History
- Name: Derrycunihy
- Owner: McCowan & Gross Ltd
- Operator: Ministry of War Transport
- Port of registry: London
- Builder: Burntisland Shipbuilding Company
- Yard number: 275
- Laid down: 22 June 1943
- Launched: 11 November 1943
- Completed: 26 February 1944
- Identification: MTS T72
- Fate: Sunk off Normandy by enemy action 24 June 1944

General characteristics
- Tonnage: 10,200

= MV Derrycunihy (1943) =

British military transport ship lost in 1944 Normandy landings

MV Derrycunihy (MTS T72) was a British cargo ship impressed as a military transport during the Second World War. She was sunk off the Normandy beaches with great loss of life in 1944.

==Construction==
Derrycunihy was a general-purpose cargo ship of 10,200 tons built (yard number 275) by Burntisland Shipbuilding Company for McGowan & Gross of London. Because of critical shipping requirements during the Second World War she had been built at great speed: her keel was laid on 22 June 1943, she was launched on 11 November the same year, and was delivered on 26 February 1944. She immediately came under the overall control of the Ministry of War Transport as Motor Transport Ship (MTS) T72, and guns were fitted fore and aft (manned by Royal Navy gunners).

==Disaster off Normandy==
Shortly after D-Day the ship was selected to transport one of the regiments required for the build-up of troops in the Normandy bridgehead. On 18 June 1944 HQ, A and C squadrons of the 43rd (Wessex) Reconnaissance Regiment ("43 Recce") embarked at West India Docks, London, aboard the Derrycunihy. She joined a convoy off Southend-on-Sea, and arrived off the British landing area Sword on the evening of 20 June. High seas and enemy shelling prevented unloading for three days and it was decided to move T72 to Juno Beach for disembarkation. As the ship started engines at 07.40 on the morning of 24 June it detonated an acoustic or "Oyster" mine dropped by one of the nightly Luftwaffe raiders. The mine exploded under the keel, splitting the ship in two, and the after part, packed with sleeping men of 43 Recce, sank rapidly. Worse still, a 3-tonner ammunition lorry caught fire, and oil floating on the water was set alight. Landing craft and the gunboat quickly came alongside and picked up survivors, most of whom were evacuated to SS Cap Touraine, a former French liner.

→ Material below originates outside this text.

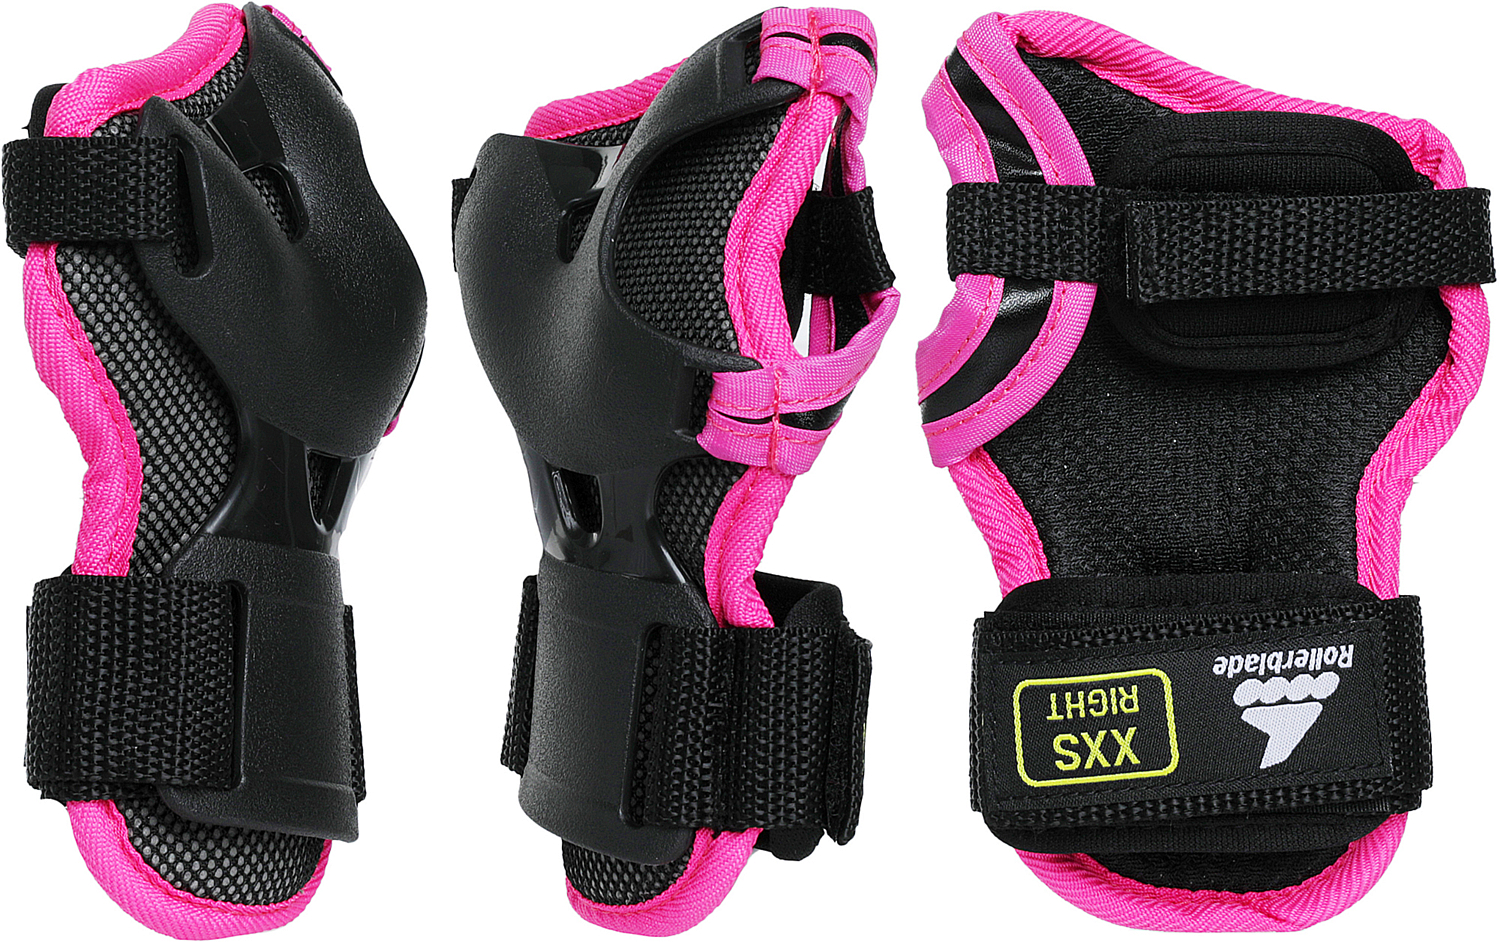 Комплект защиты Rollerblade Skate Gear Junior 3 Pack Black/Pink
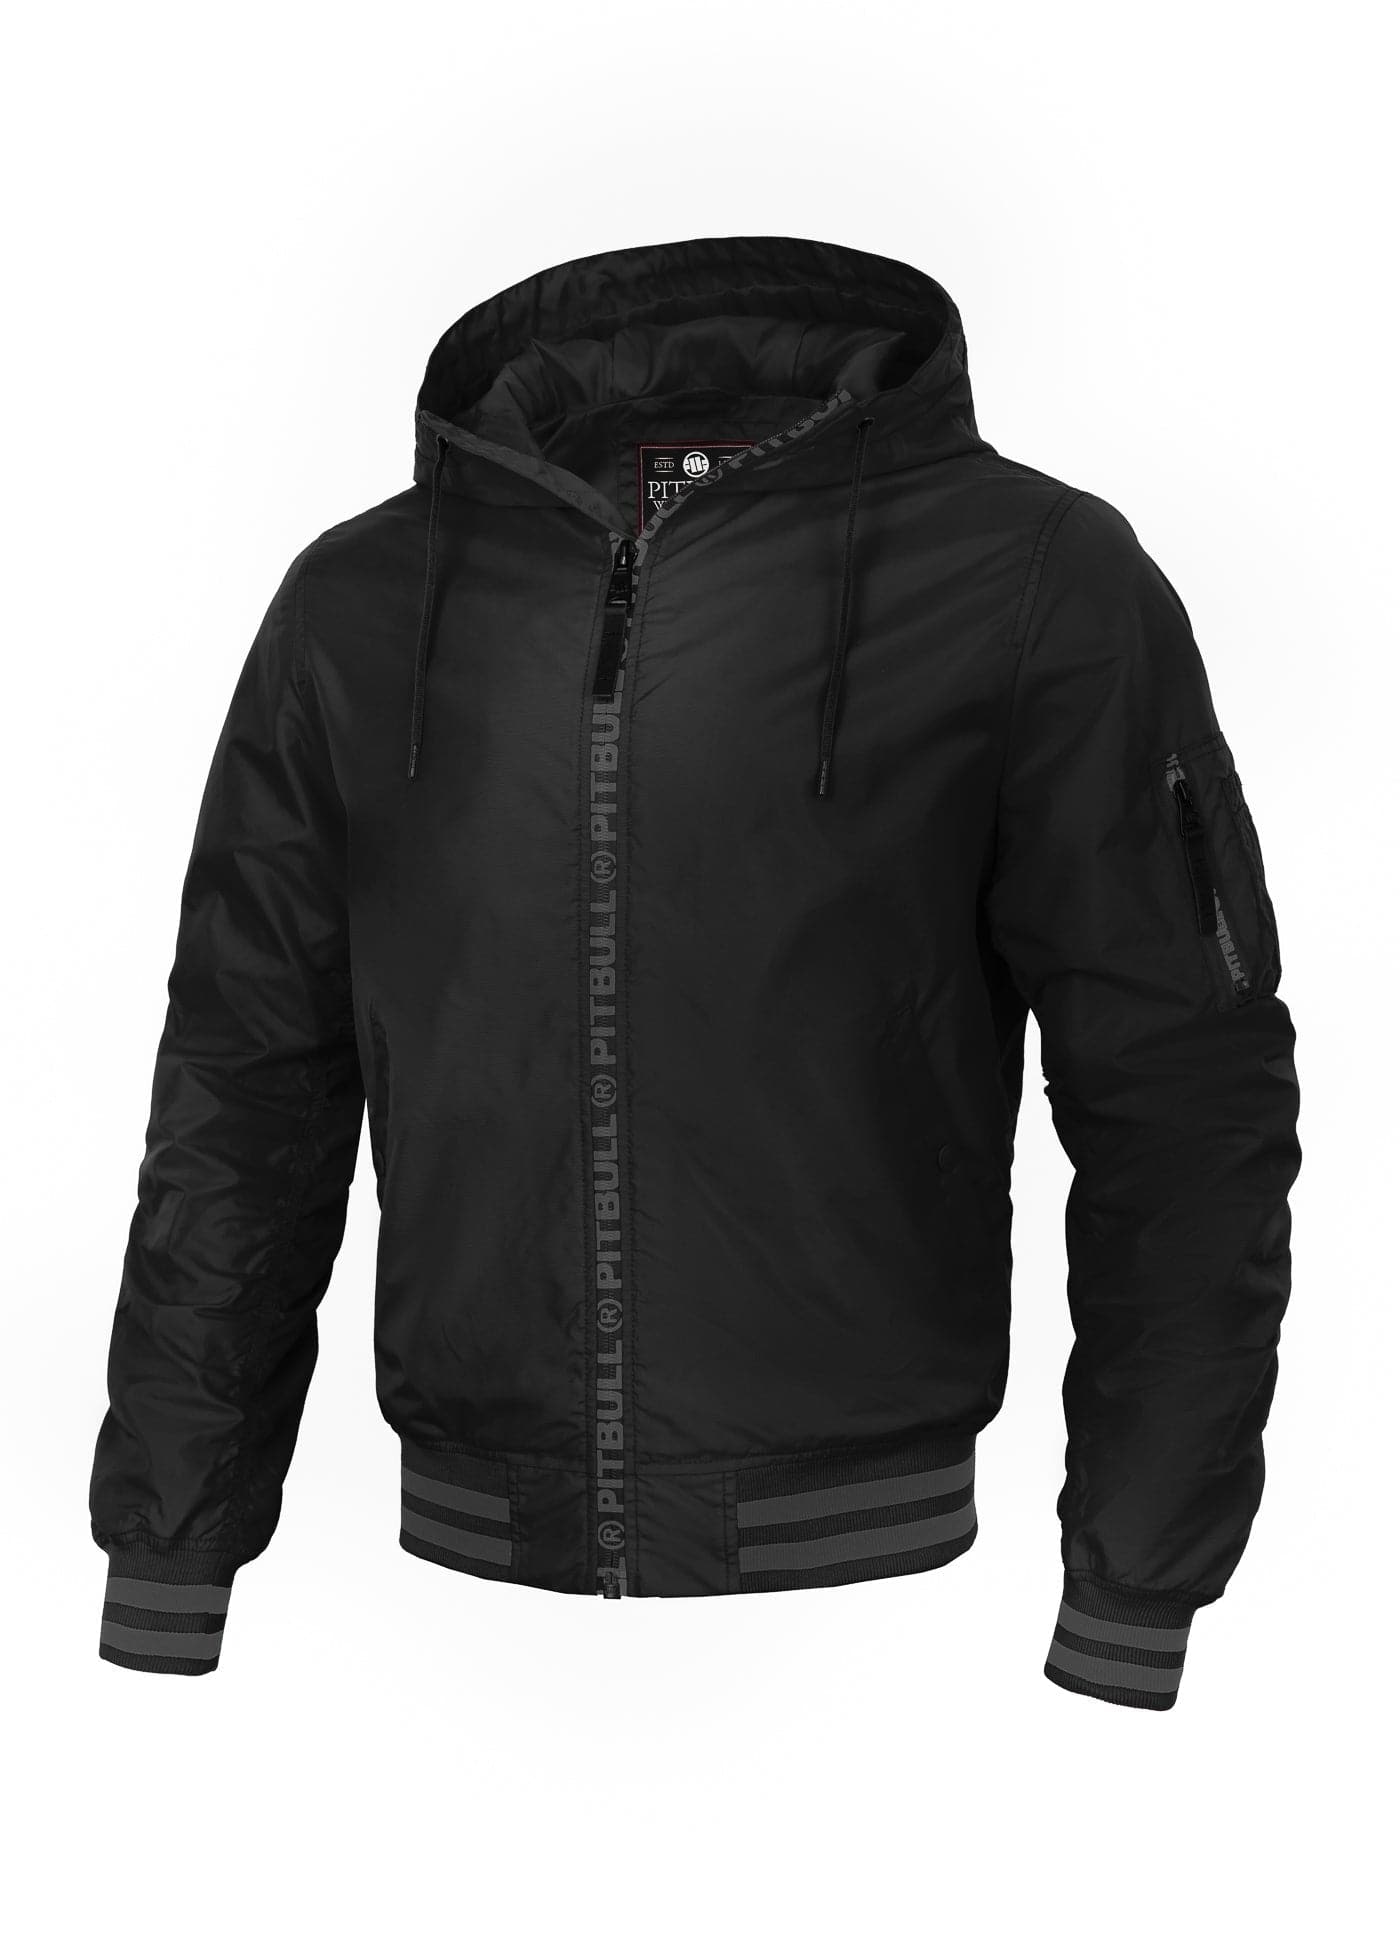 | Buy OVERPARK Jacket Store Pitbull Black

When all the survivors had been taken off, Captain Richardson of the Derrycunihy and the commanding officer of 43 Recce, Lieutenant-colonel Francis Lane Fox, argued over who should be last to leave the half-sunken ship.

The Regimental War Diary records that "Great gallantry was displayed by all troops in the two aft holds" and lists 183 men of the regiment lost and about 120 others evacuated wounded. In addition, 25 of the ship's crew, (including Army gunners and a Royal Observer Corps Seaborne Observer), died in the disaster, which represented the biggest single loss of life off the Normandy invasion beaches.

==Aftermath==
In the days following the sinking, most of 43 Recce's vehicles were landed from the beached fore part of the Derrycunihy, and reinforcements were sent from England, but 43 Recce was not fully up to strength until the end of July 1944 and was unable to assist its parent division in the bitter Battle for Caen.

The sunken after-part of the Derrycunihy remains as a wreck site off Sword. Another ship built at Burntisland for the Ministry of War Transport, the Empire Calshot (1945) was bought by McGowan & Gross after the war and renamed Derrycunihy.